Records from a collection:

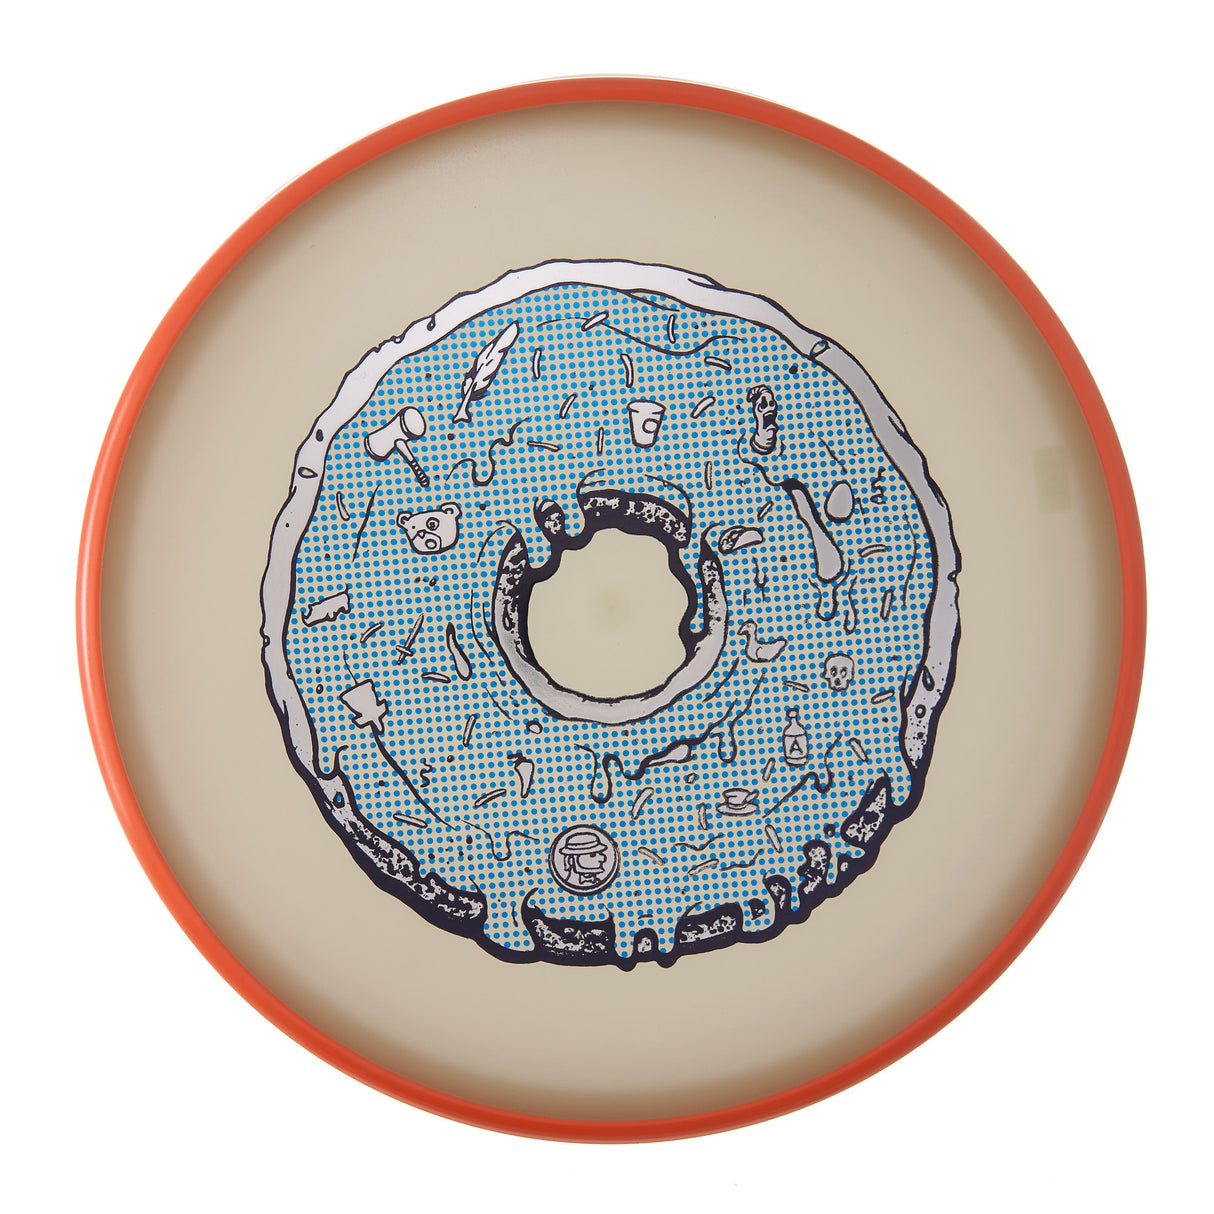 Axiom Proxy - DFX Donut Eclipse 2.0 173g | Style 0032
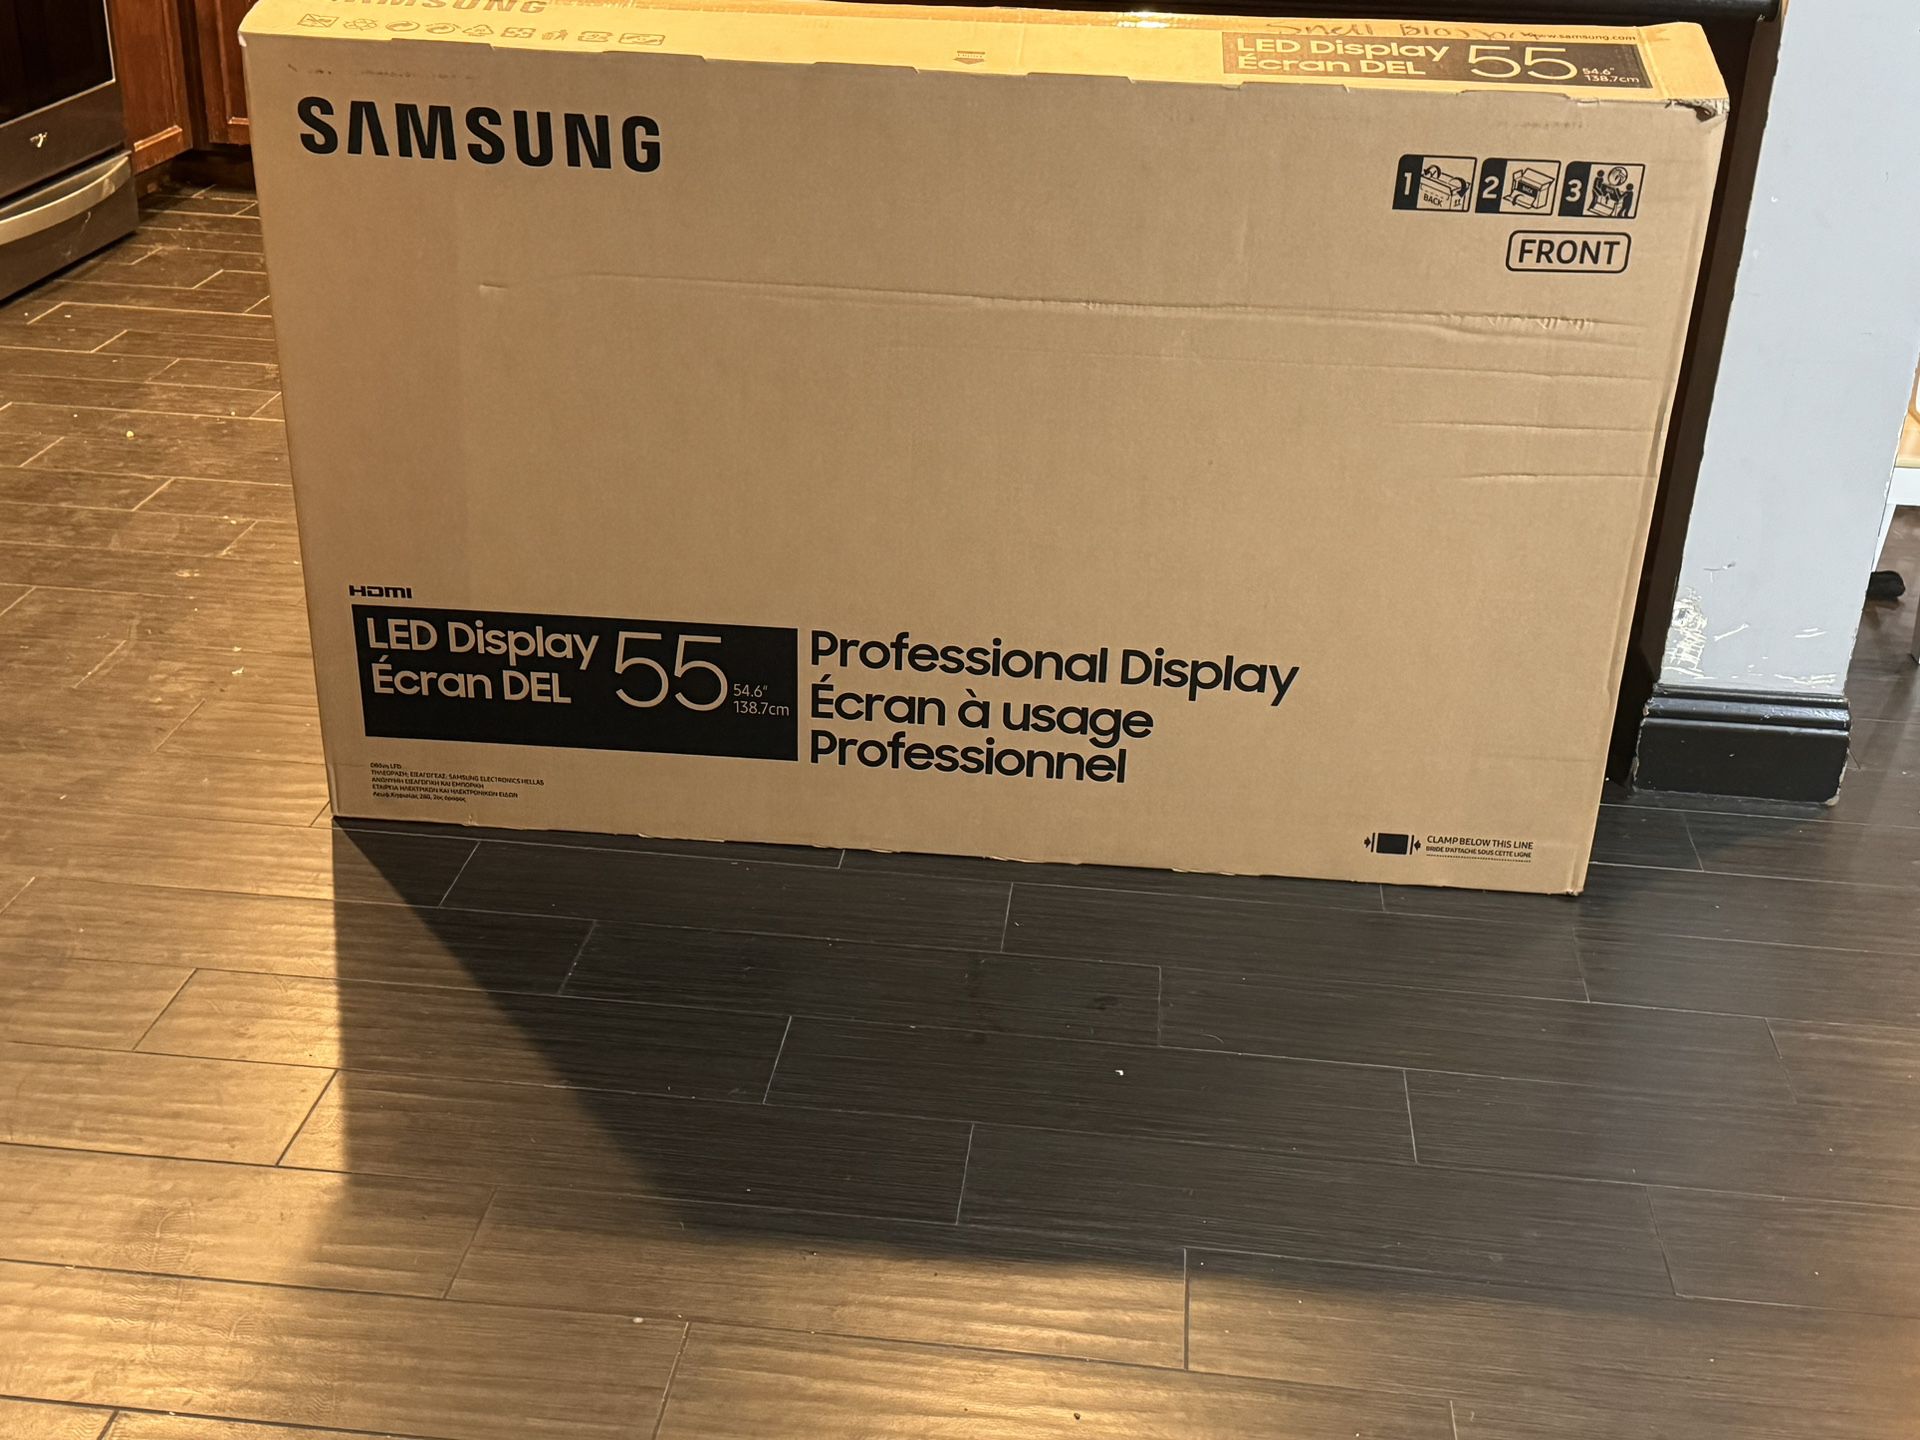 55 Inch Professional Display Samsung 
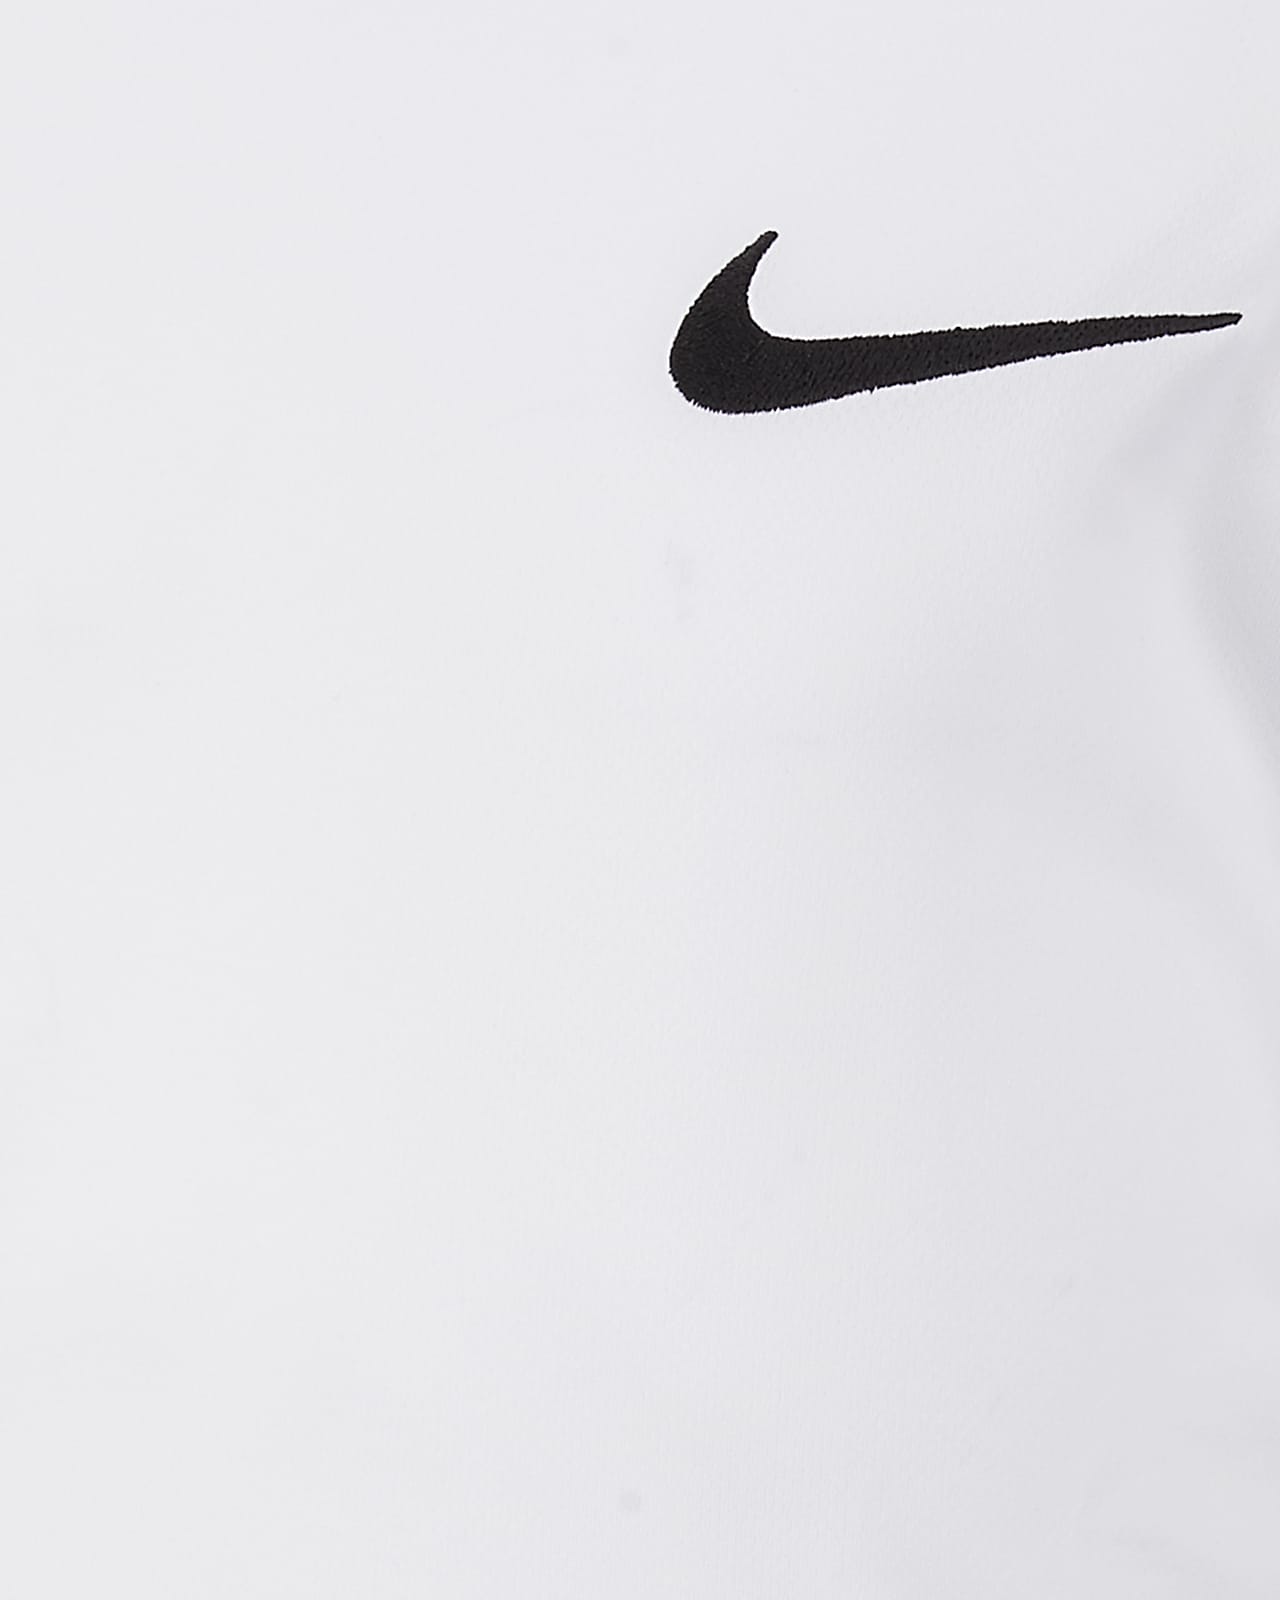 Nike Dri-FIT Older Kids' (Boys') Short-Sleeve Training Top. Nike PH
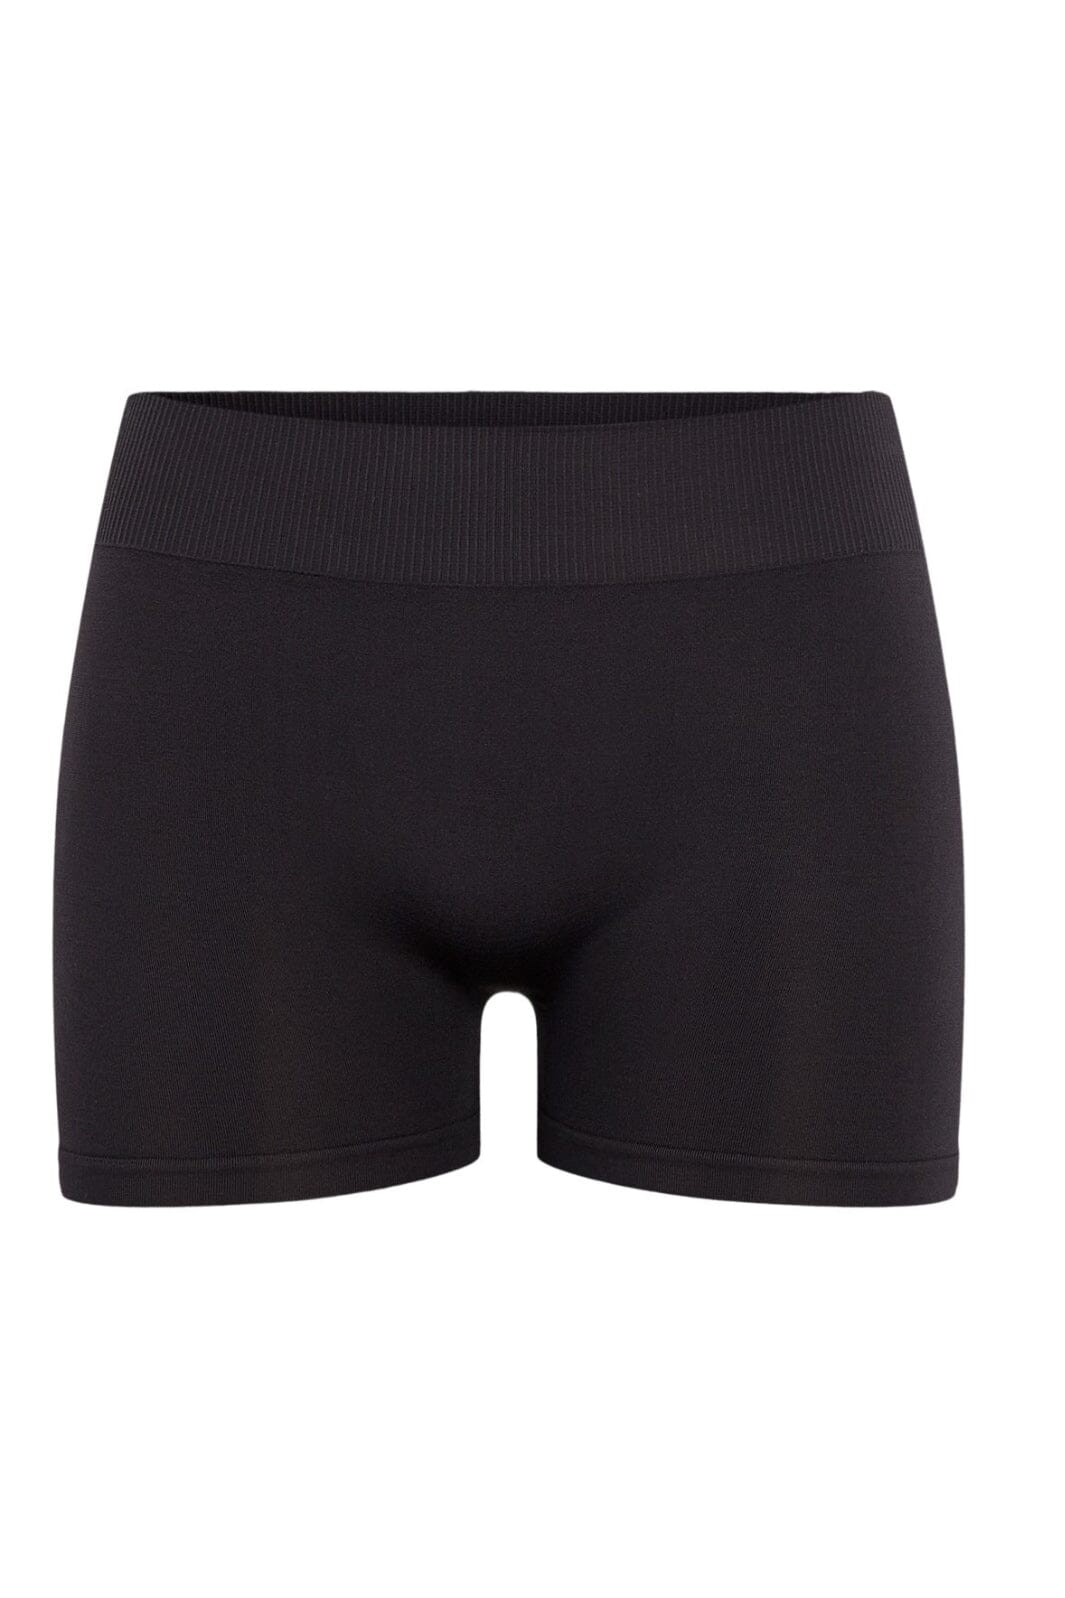 Pieces - London Mini Shorts - Black Shorts 
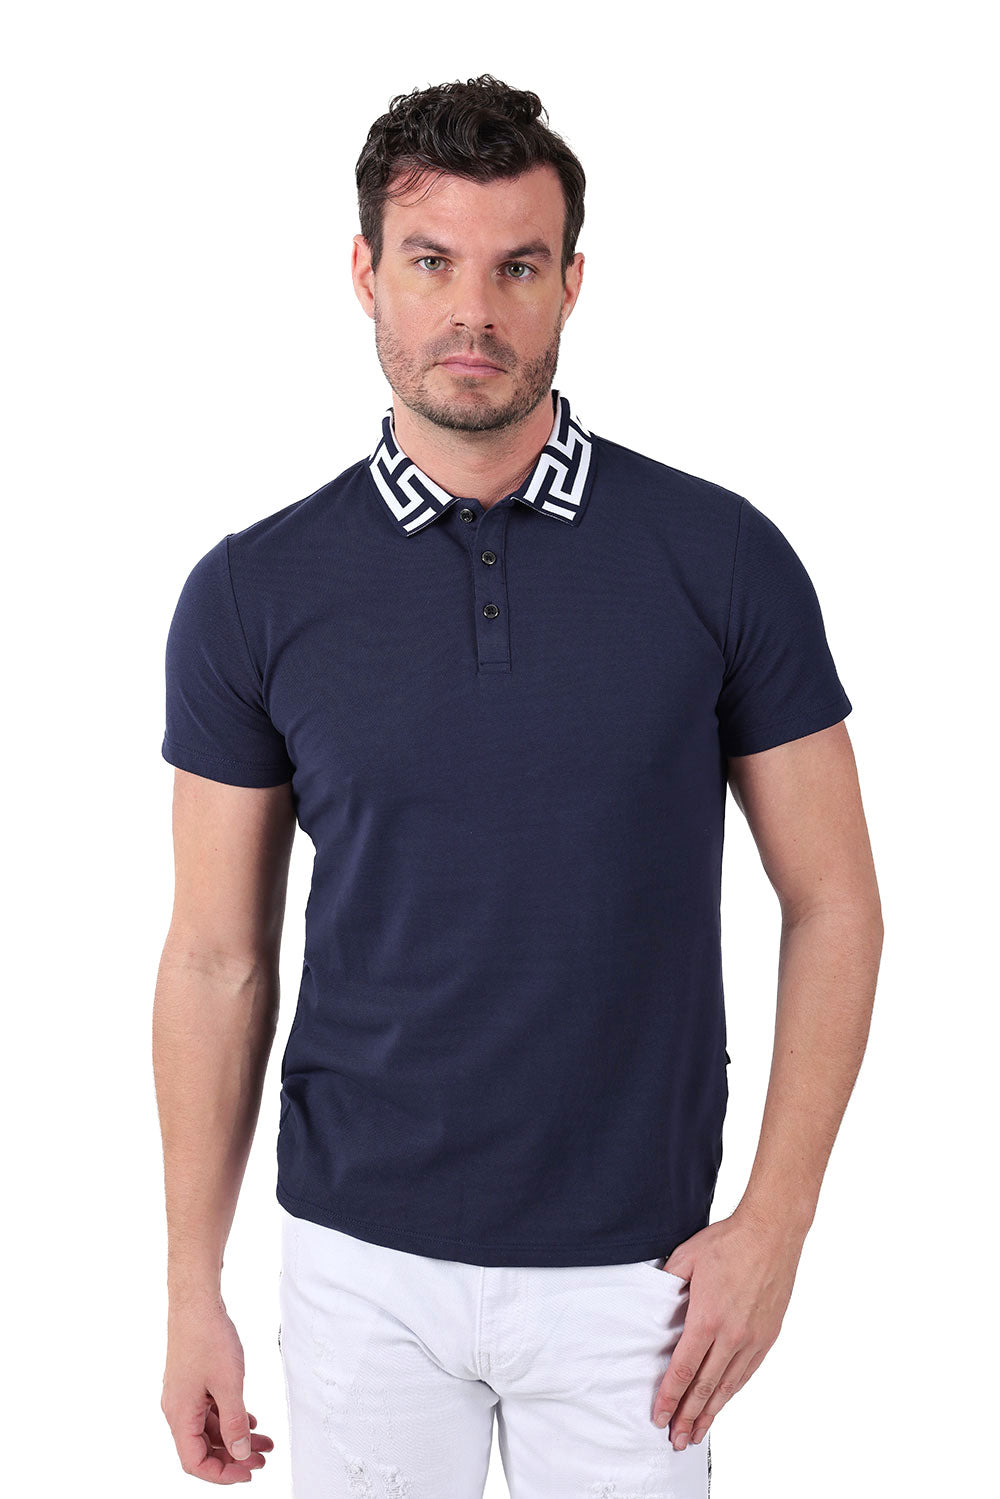 barabas  greek pattern navy blue polo shirt - alwaysspecialgifts.com

Directions -
Give every record back exactly as it reads, with no images.

Output below -
 Axiom Proxy - DFX Donut Eclipse 2.0 173g | Style 0032
 55 Inch Professional Display Samsung 
 Nike Dri-FIT Older Kids' (Boys') Short-Sleeve Training Top. Nike PH
 Pieces - London Mini Shorts - Black Shorts 
 barabas  greek pattern navy blue polo shirt - alwaysspecialgifts.com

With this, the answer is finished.